LAP is usually offered at a Floating Rate of interest, linked to the Bank’s Base Rate or PLR as the case may be. Rate of interest are usually 2-4% higher as compared to a Home loan
Charges in LAP:
In addition to interest rates, one must also consider other charges & fee accompanying at various stages of taking a LAP. Following is the detailed fee structure incurred by Banks at different loan stages:
Processing Charge: It is a fee payable at the time of loan application and to get the loan sanction letter. The fee ranges between 0.5% to 1% of the loan amount
Prepayment Penalties: When the borrower pre-pays the loan before the loan tenure, Banks charge a penalty which usually varies between 2% to 3% of the pre-paid amount. Thought Part-prepayment by the borrower (to a certain extent) does not attract any charges
Legal Charges: Banks also incur some charges from the customer for legal and technical verification of the property
Delayed payment Charges: When there is a delay in the payment of your EMI, Banks charge a late payment fee from the borrower which normally ranges from 2% to 3% of the EMI
Cheque bounce charges: Banks charge between Rs. 250 and Rs. 500 for every bounced cheque towards the loan payment because of lack of funds in your account.
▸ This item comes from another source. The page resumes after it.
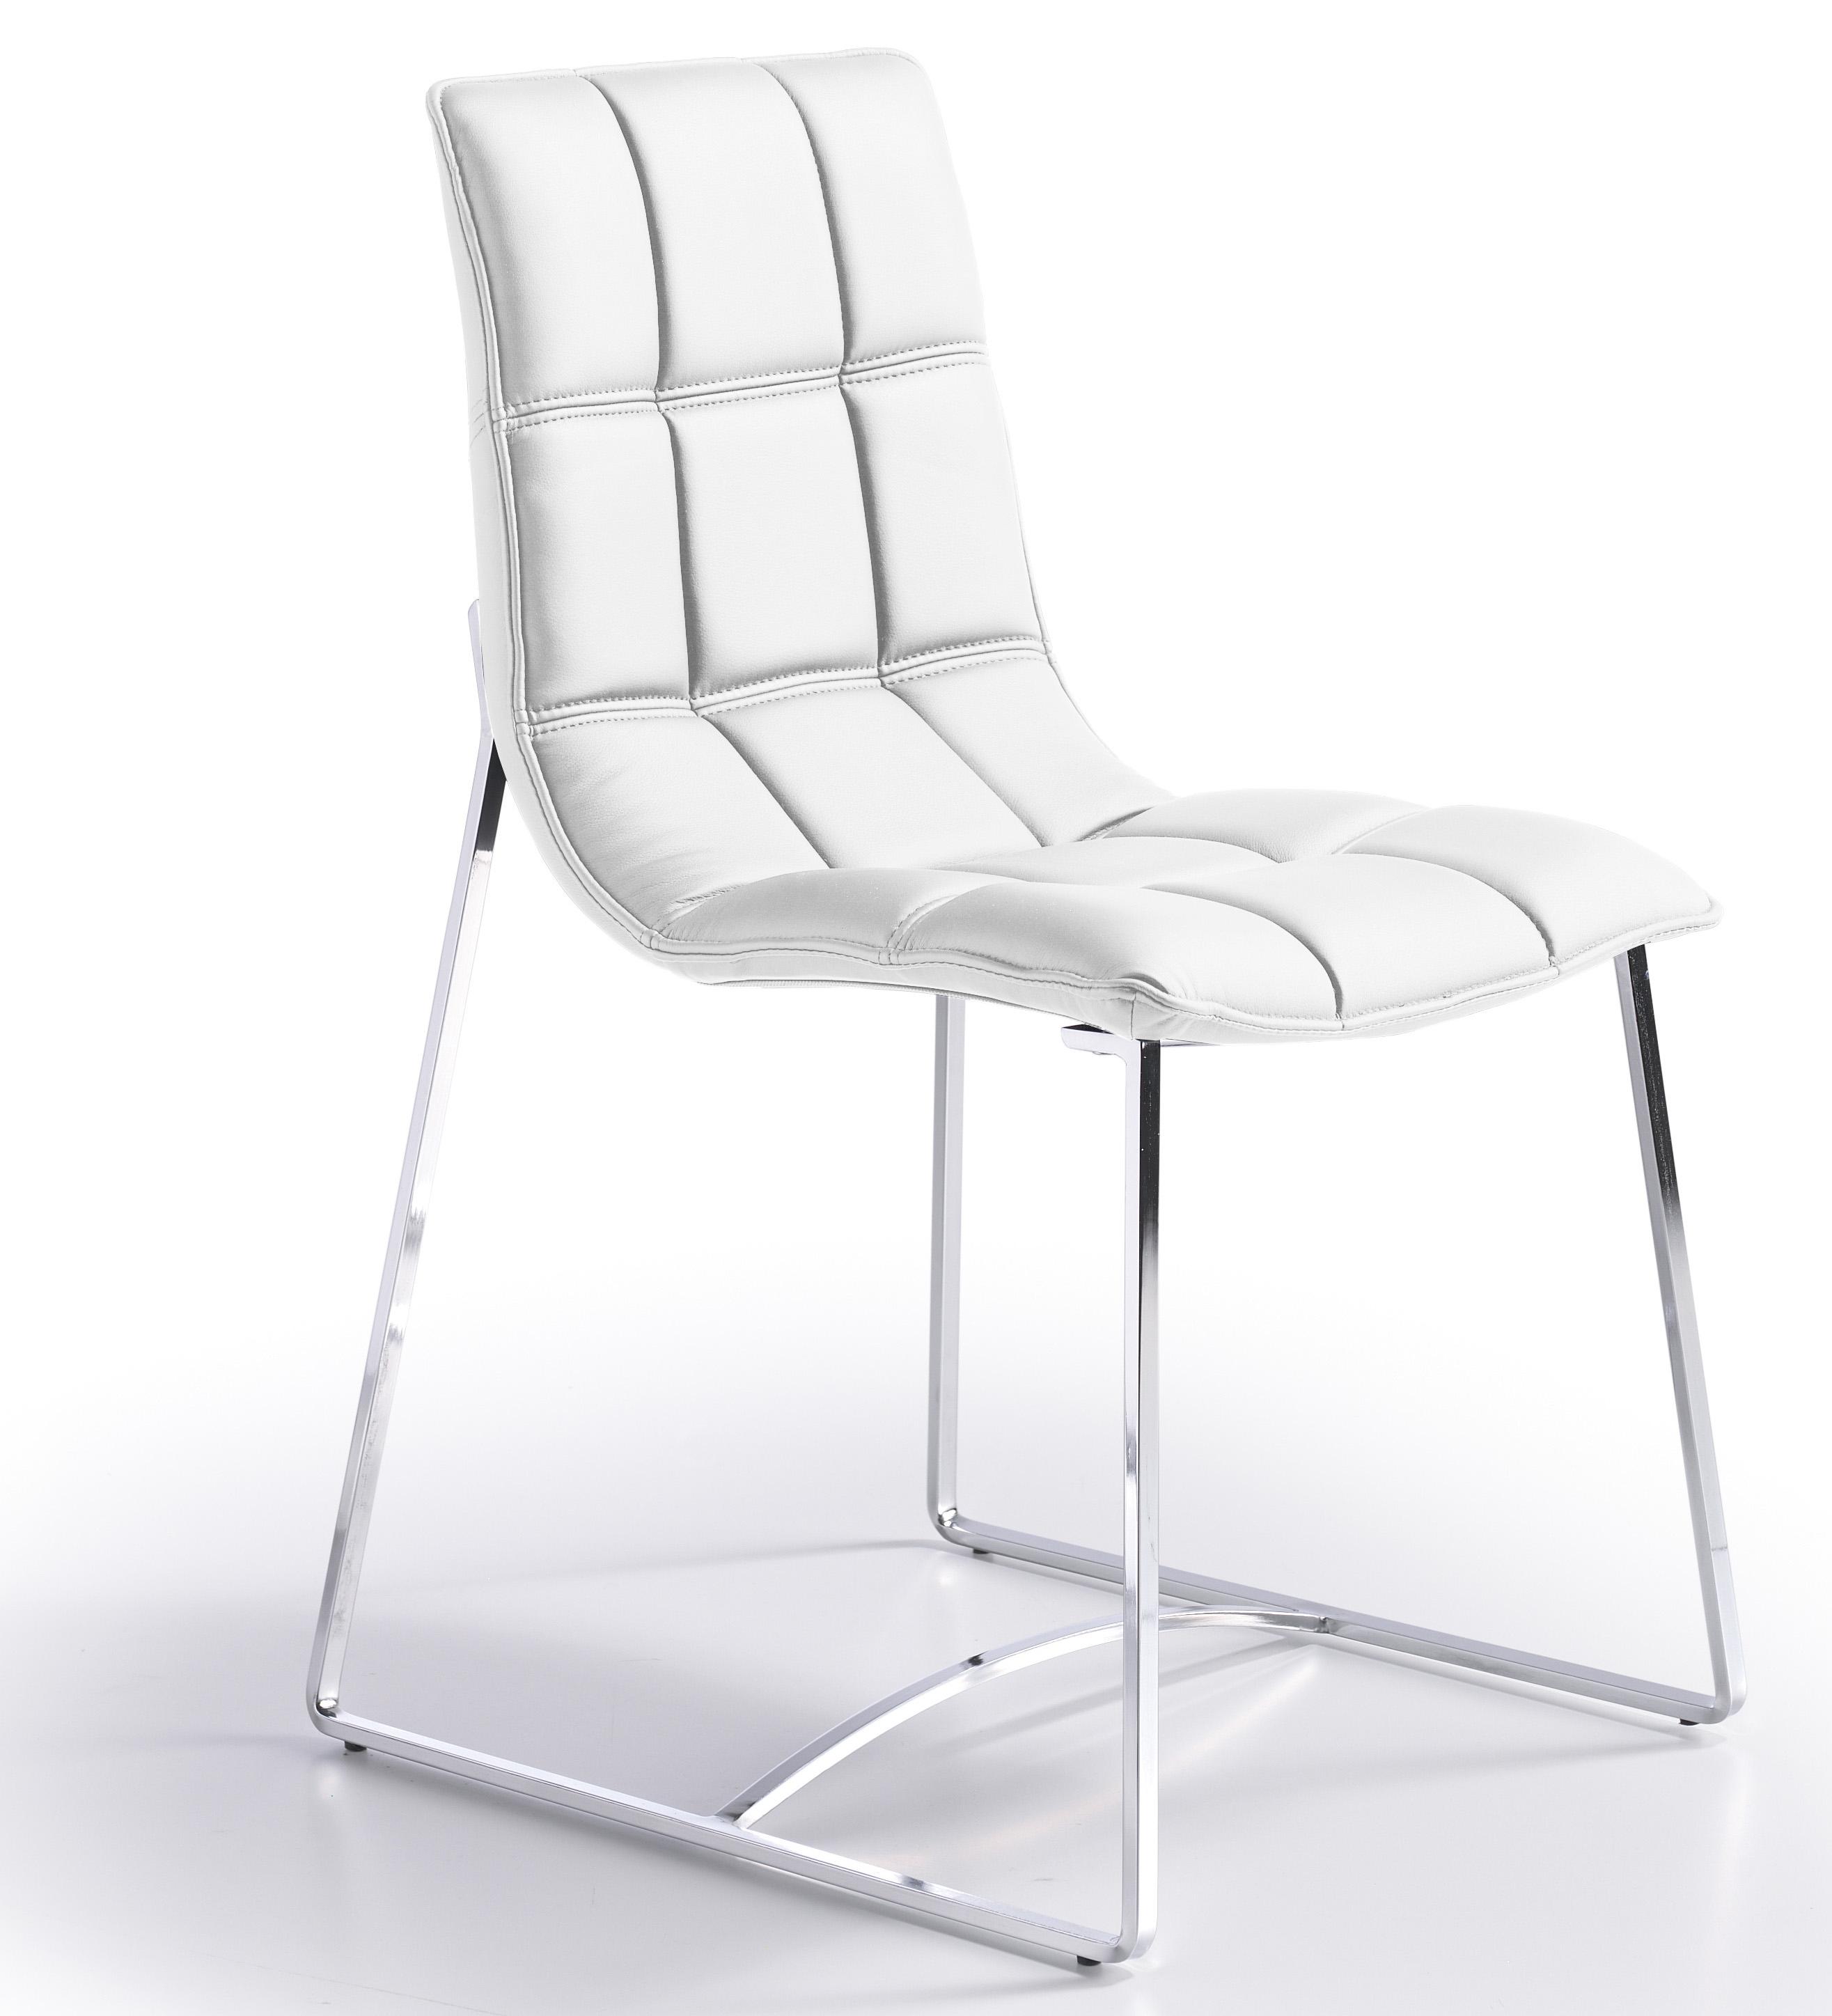 Chaise Design Matelasse Simili Blanc Koza
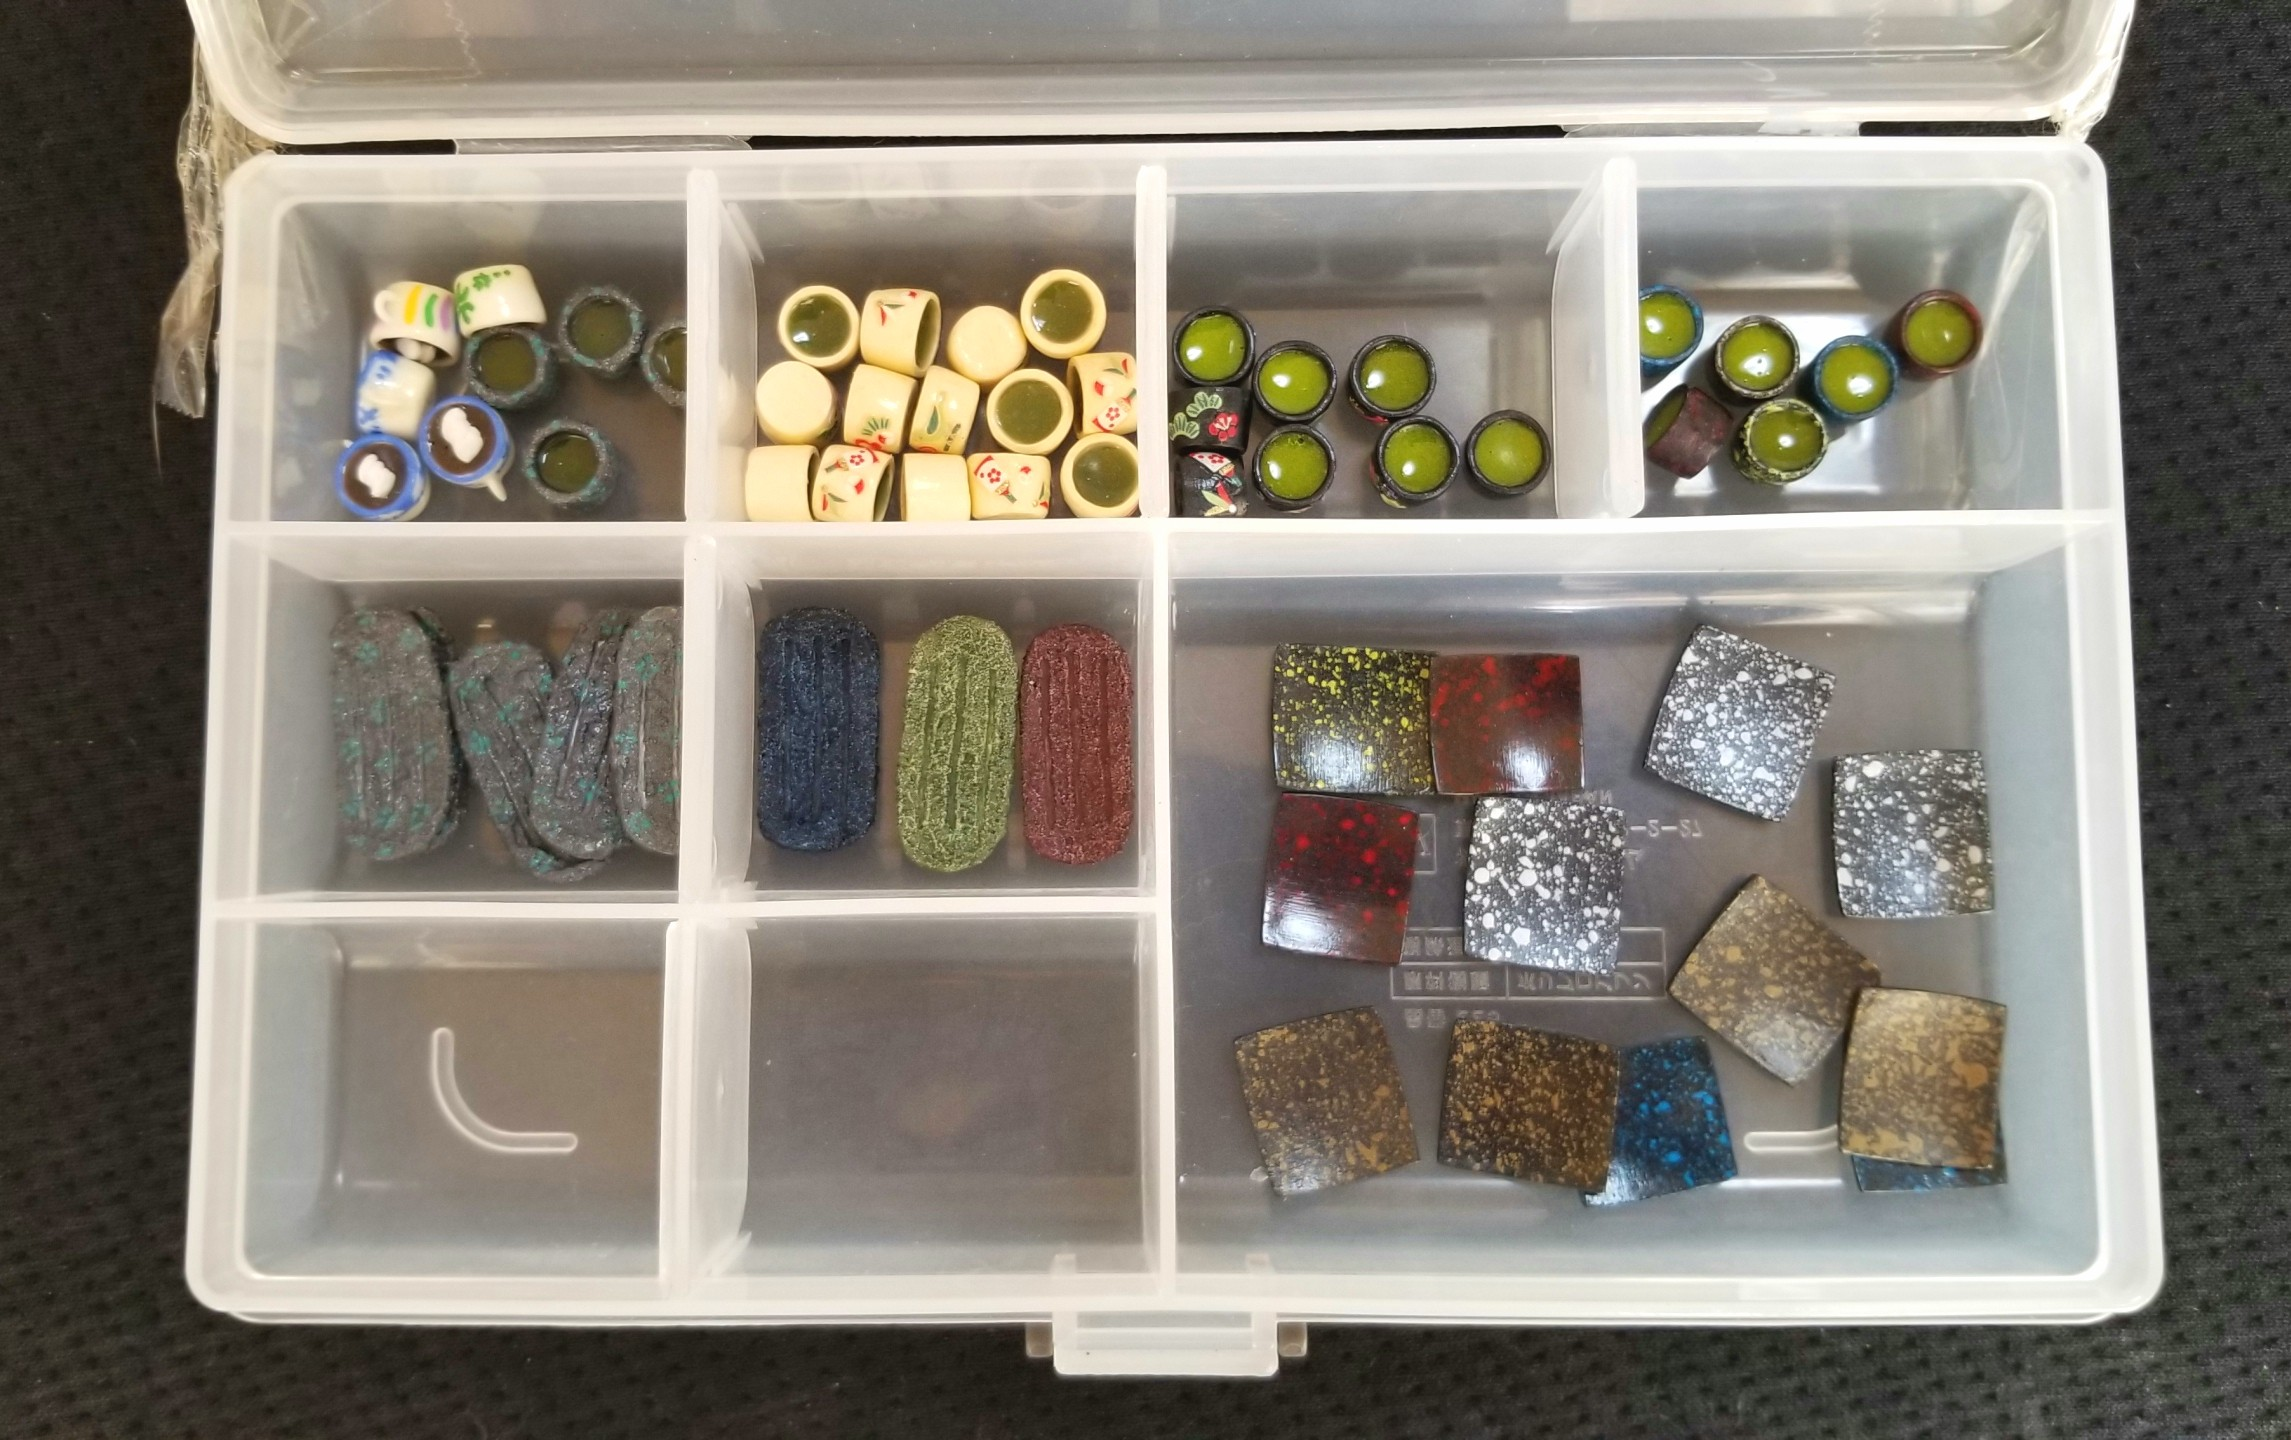 ミニチュア,和食器,お抹茶,お茶,粘土,リカちゃん人形,バービー

LAP eligibility depends up on various factors. A few of them are listed below -
Income – Your income determines the amount of loan you are eligible for. Banks generally keep the EMI to income ratio at 45% to 60%
Tenure of the loan – The longer tenure you opt for, the more loan you are eligible for
Interest rate offered – If your interest rates are on a lower side, then the loan eligiblity will be higer and vice versa
Existing loans – In case you have any existing loans, then the loan eligiblity amount will come down to keep the EMI to income ratio at 45% to 60%
Credit History – Banks also checks credit history of a borrower from CIBIL (Credit Information Bureau India Ltd.). CIBIL is India’s first credit information bureau, it is a repository of information, which contains the credit history of commercial and consumer borrowers. CIBIL provides this information to its Members in the form of credit information reports. Individuals can also access their own credit reports from CIBIL.
Tax Benefits in LAP:
Interest and other charges paid towards a LAP is a usual business expenditure and is allowed as a deduction from the borrower’s business income while filing his Income tax returns.
Generally the documents required to processing your loan application are almost similar across all the banks; however they may differ with various banks depending upon specific requirement etc.